Four Critical Do's and Don'ts when Selling Your Coins or Bullion
DO - Get an offer from the dealer who sold you your coins. Major dealers typically pay more for coins they sold than anyone else, and they pay in a reasonable amount of time.
DO NOT be misled by high pressure salesmen to sell your coins before getting a second offer.
DO - Expect to receive near melt value - or even a little higher - from major reputable dealers, when selling bullion coins or bars.
DO NOT pay someone 20% or more to buy your common American Eagles, Maple Leafs or bars, even if they come directly to your house. Unfortunately, I've seen numerous customers allow their bullion sales terms to be "combined" with their rare coins in terms of sales mark-up.
DO - Sell to dealers who have a positive literary reputation to uphold. Preferably, sell to a dealer who has won awards from the Numismatic Literary Guild or their regional press club.
DO NOT sell to someone who wants to scare you into selling your coins. I like the commercial that says "show me the Carfax." I say "show me the coin plaques." The next time some dealer shows you advertisements or charts on why you need to sell your collection, politely ask him to show you the proof that his writings have won any national awards.

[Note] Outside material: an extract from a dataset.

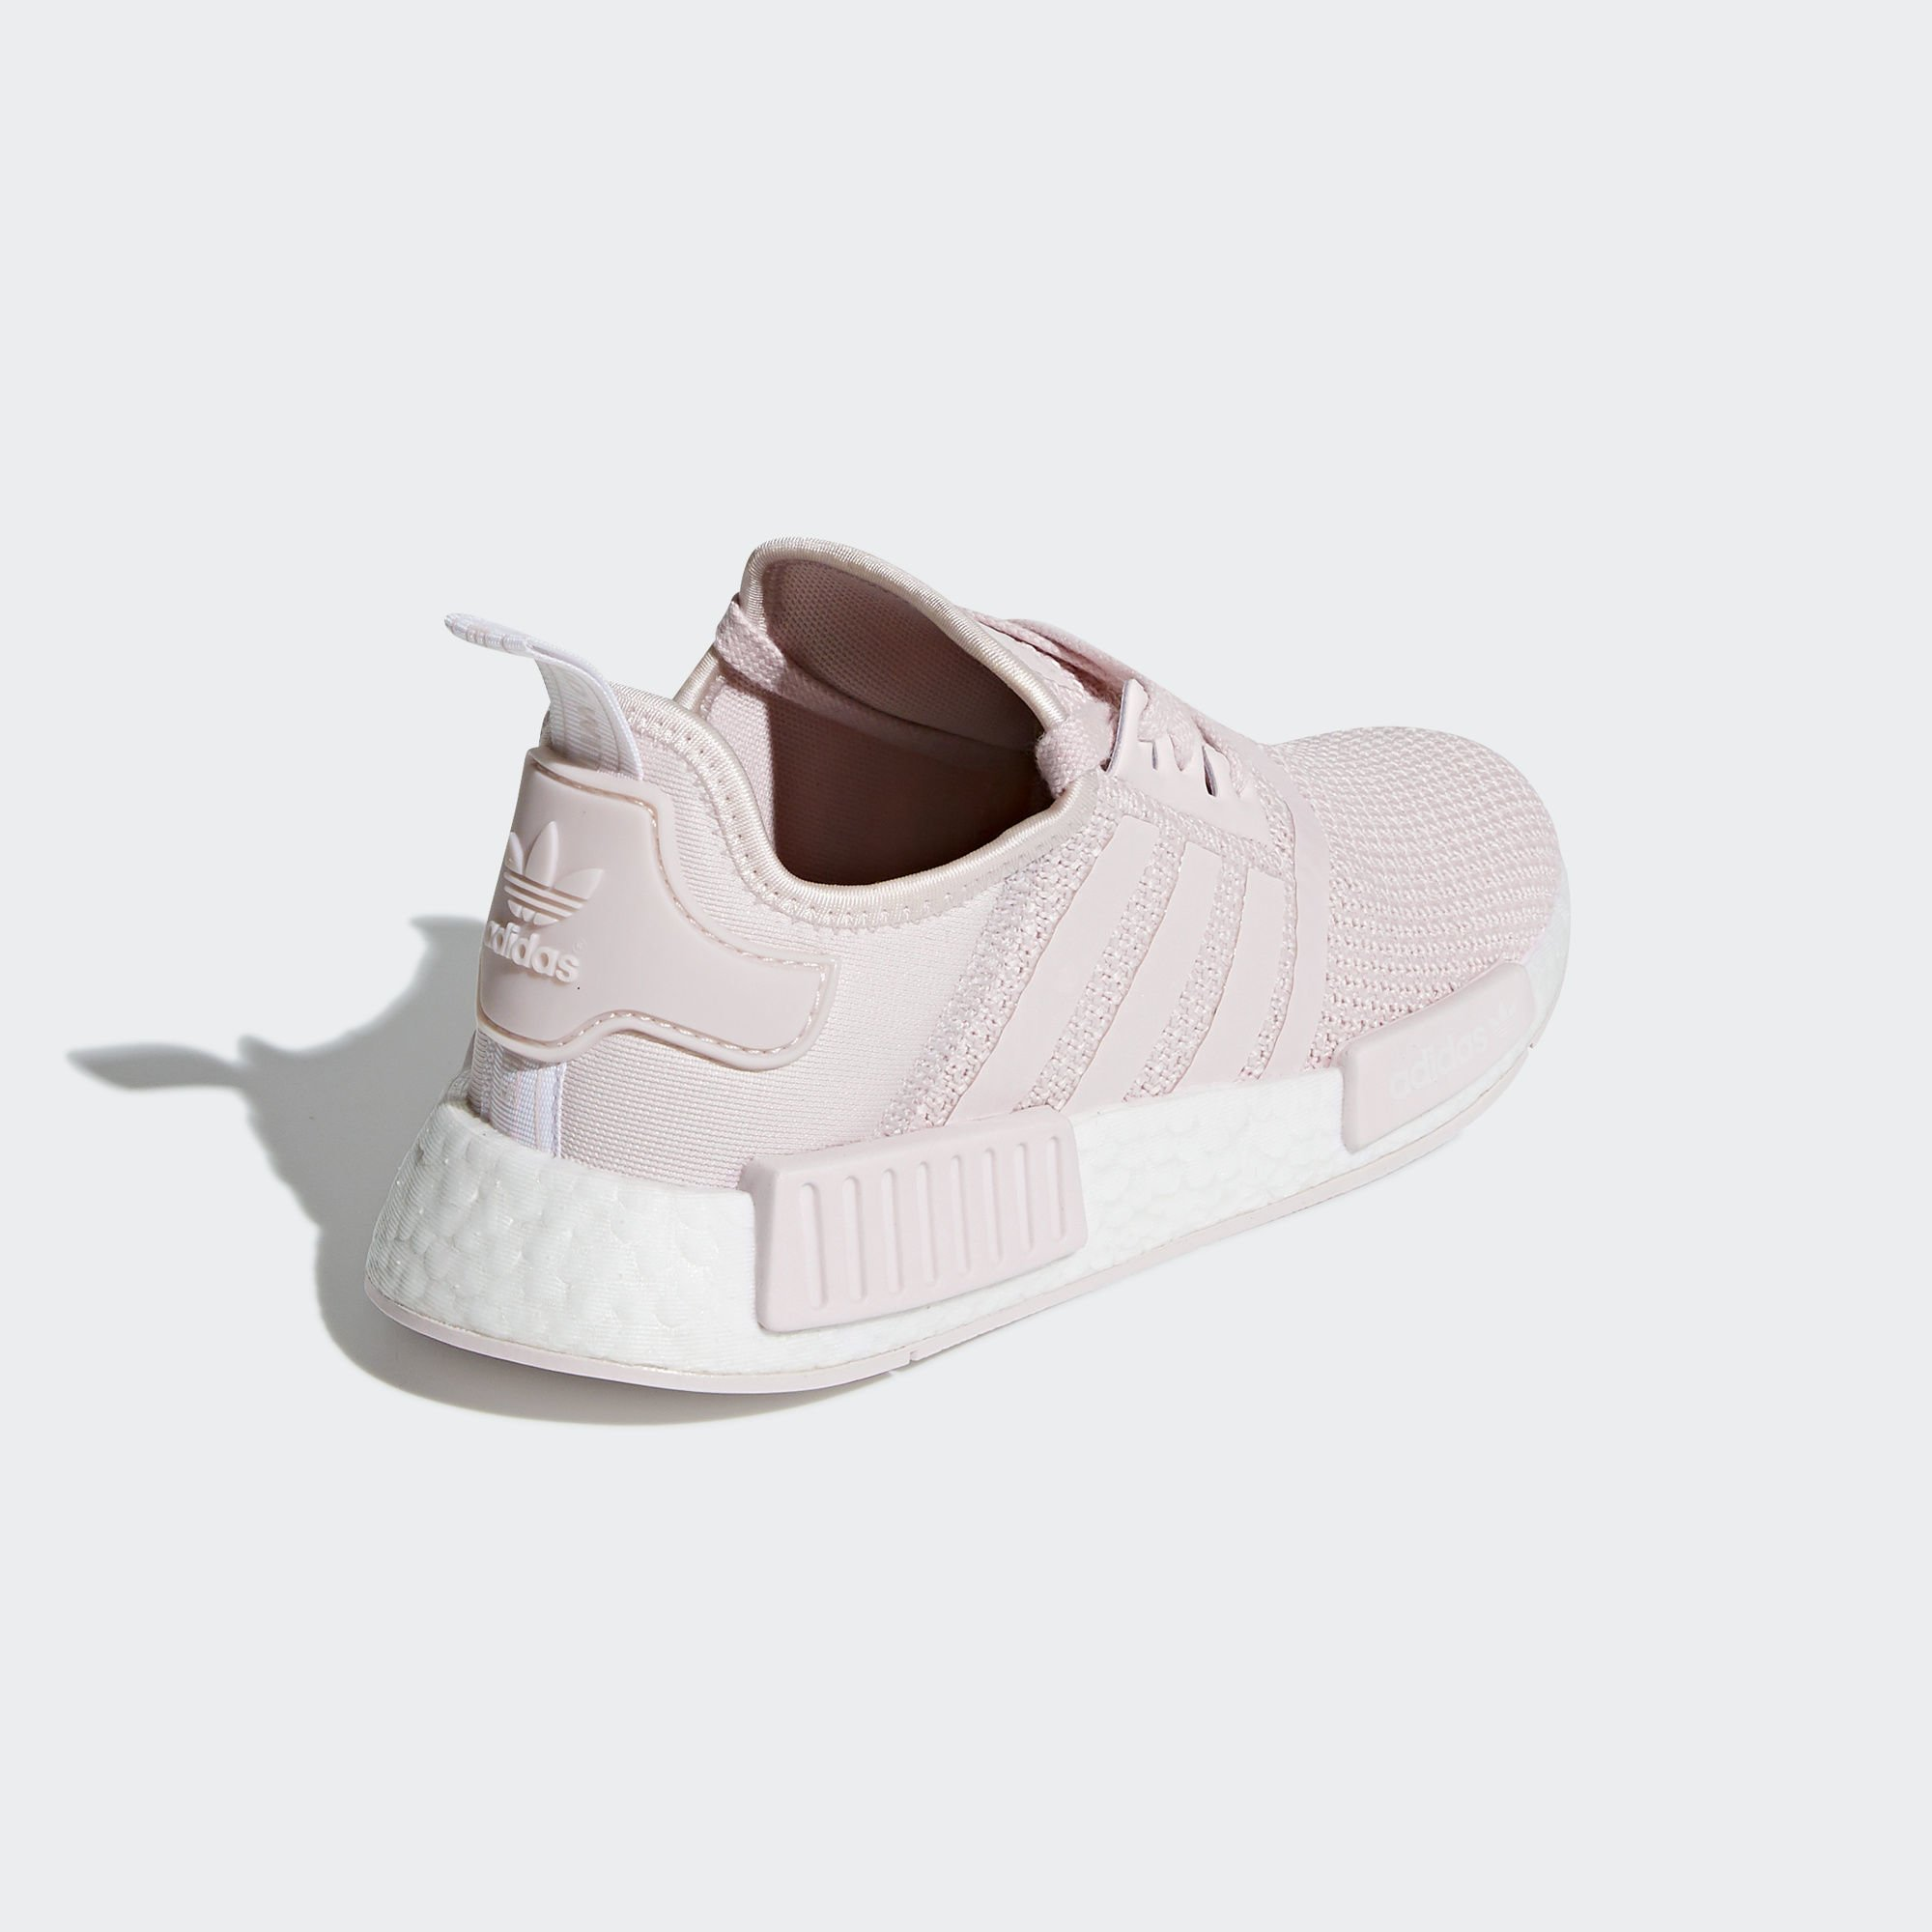 adidas NMD_R1 'Pink' (B37652)

DO - Verify the expertise and credentials of anyone to whom you sell your coins. Verify their memberships in organizations, like BBB, NGC and ICTA. Ask if they are a contributor to leading price guides like the Redbook. If a dealer represents himself to be a pricing expert, he should also be a respected contributor to at least one leading price guide.
DO NOT Take a dealer's word for all of his membership claims. Some dealers use logos when they are not members, so check at the sources: Check with BBB or NGC.
Low Mintage American Eagles
The American Eagle is moving into its second quarter century. American Eagles are allowed to be included in an IRA account because Congress made clear that American Eagles could be put into the retirement plan, contrary to the general rule. To the person who is looking for growth potential in rare coins, certain low-mintage Eagles could align well with your rare coin investment desires. Low-mintage Eagles are probably the ones with the best opportunity to acquire collectible value beyond their bullion content. There are no guarantees, of course, but you can be sure that collectors in the future will probably be bidding up the prices of rarer coins as compared to the more commons ones.